Некоторое время спустя по городу разнесся голос из репродуктора:
— В последние дни в Берлине мы стали свидетелями ужаснейших событий, названных братоубийственной войной. Я только отчасти признаю правомерность данного выражения. Предатели и грабители — не мои братья!
Этот голос принадлежал бывшему имперскому статс-секретарю и теперешнему депутату Шейдеману. Предателями и грабителями, стало быть, оказались те, кто на испытываемое столетиями насилие ответил восьмидневным насилием, кто хотел отнять награбленное добро у немногих собственников и вернуть его миллионам ими ограбленных. Механический голос надрывался:
— Я искренне сожалею о смерти обоих. Они упорно, изо дня в день, призывали народ к оружию и к насильственному свержению правительства. Теперь они сами стали жертвой собственной тактики кровавого террора.
Исступленный рев из репродуктора перекрывает тихие слова, доносящиеся из каторжной тюрьмы.
«Война, — написал этот человек, — война и бесчисленные беды и лишения всего мира мучают и терзают тебя. Но из этой ночи есть спасение, собственно, единственное только спасение: решение навсегда покончить с этим злом сделать главной целью жизни. Ни к чему жизнь, которая устраняется от всего происходящего. Только та жизнь нужна, которая готова пожертвовать собой ради общего дела. До сих пор моя жизнь, вопреки всему, была счастливой».
Тихий голос продолжает:
— Будь у меня даже тысяча жизней, я бы отдал их все до одной, отдал бы ради единственного, что может помочь русской революции и всему миру. Проклятое бессилие! Я замурован в четырех стенах!
Женщина шепотом отвечает:
— У меня бывает иногда такое чувство, будто я не человек, а птица или какое-нибудь четвероногое в человечьем облике; когда я бываю в саду или в поле, я больше чувствую себя дома, нежели когда нахожусь на партийном съезде. Вам я могу, пожалуй, это сказать: вы не сразу отметите измену социализму. Но вы ведь знаете, несмотря ни на что, я умру все-таки на своем посту: либо в одной из уличных схваток, либо в застенке…

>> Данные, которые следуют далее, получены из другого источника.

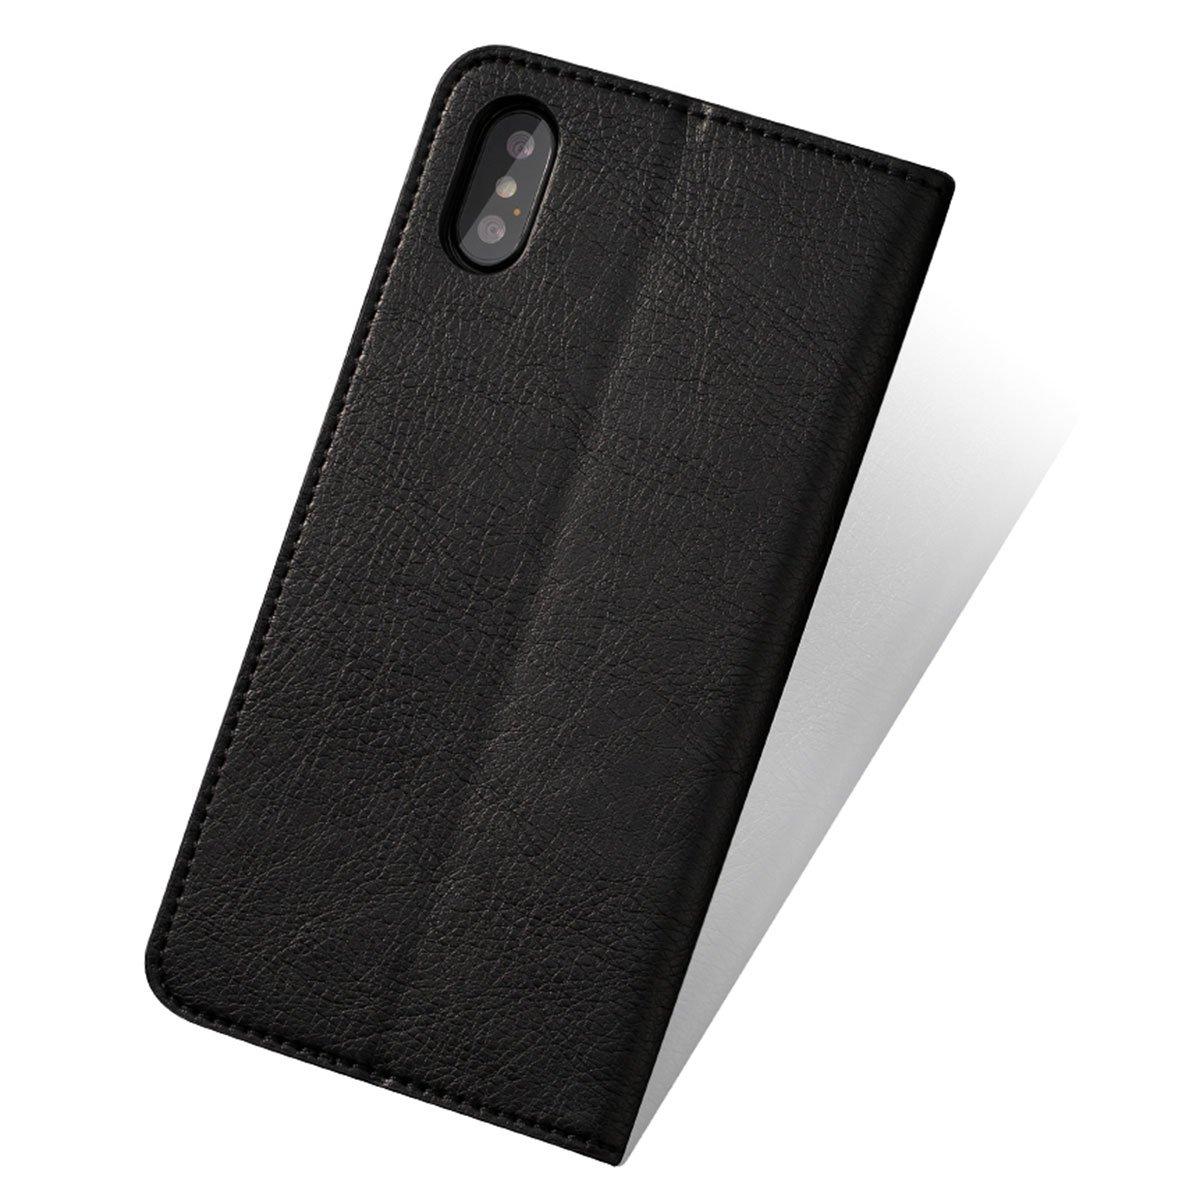 74cc278356 Amazon.co.jp: MINIBA MINIBA iPhoneケース カバー 最新型iPhoneX対応 手帳型 アイフォンX 牛革本革レザー  横開き スタンド機能付き (ブラック): シューズ&バッグ

Их доставили в находившийся в конце улицы большой отель, где расположился штаб гвардейской кавалерийской стрелковой дивизии. За ними гонялись уже много дней. На афишной тумбе, неподалеку от нашего дома, тоже висел плакат: «Убейте их!» А Шейдеман разорялся:
— Они уже давно не социал-демократы, ибо для социал-демократов святы законы демократии, против которой они восстали. Мы народ побежденный, и потому мы можем бороться только моральным оружием.

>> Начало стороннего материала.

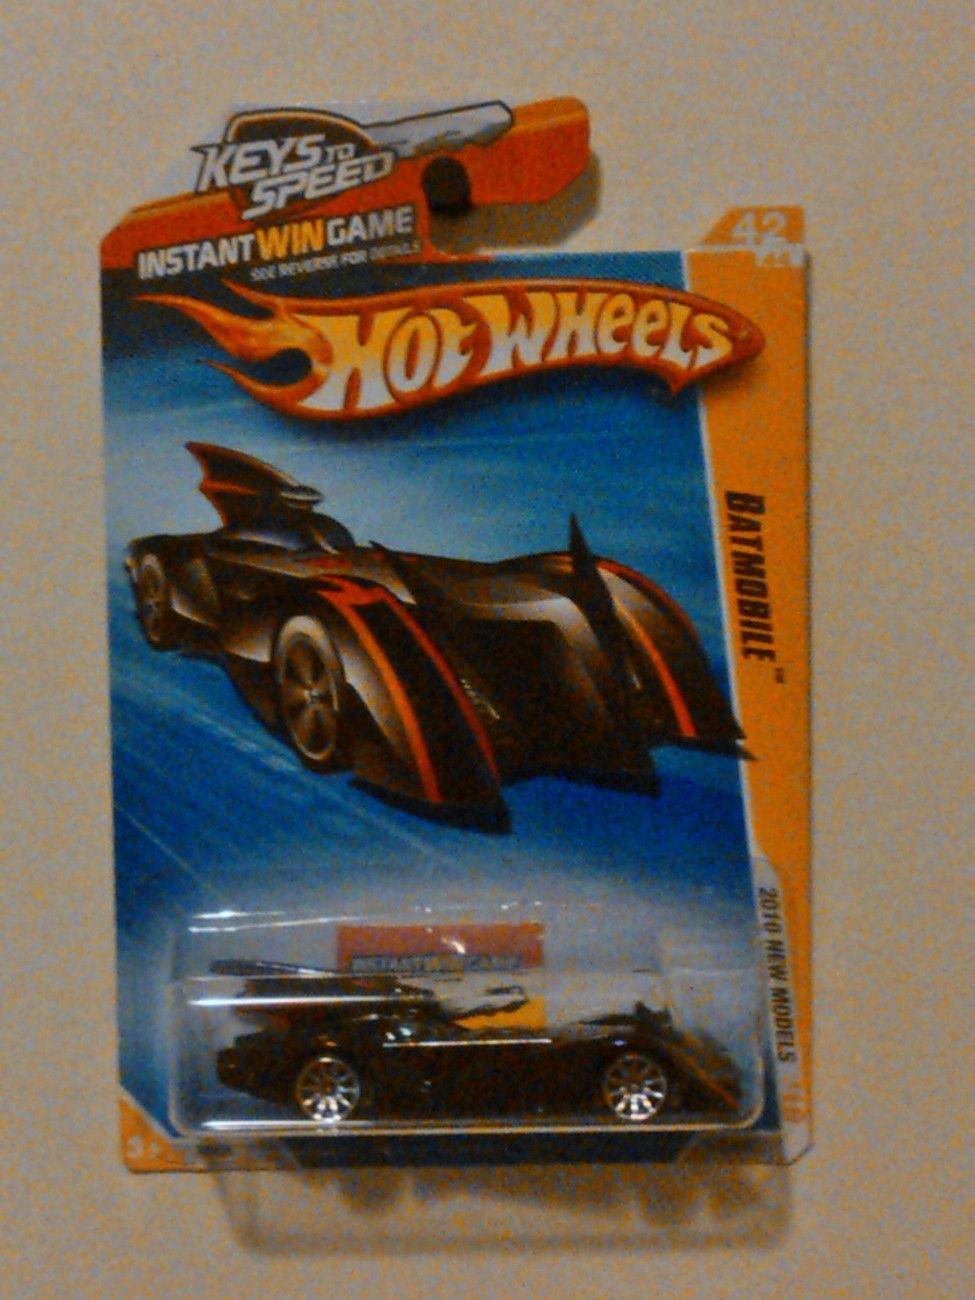 Batmobile 1 64 Scale Hot Wheels Keys To Speed 2010 New Models

Святые законы и моральное оружие были сразу же применены с поразительным успехом. Тех, кого окружили убийцы, тогда лишь спросили, кто они такие. Капитан Пабст признался позднее на суде:
— Я спросил: «Вы госпожа Роза Люксембург?» На что она ответила: «Решайте, пожалуйста, сами». Тогда я сказал: «Судя по фотографии, это вы». — «Вы так говорите», — ответила она. — И он отвечал ему: ты говоришь. Ничто более не могло их спасти. В эти минуты решалась судьба не только этих двоих, решалась судьба тысяч людей, судьба всей страны. Много времени спустя начались мучительные «если бы»: что было бы, чего бы можно было избежать, если бы этому сумели тогда помешать. Не оставляла мысль о навсегда ушедших, о напрасно прожитых, об искалеченных жизнях.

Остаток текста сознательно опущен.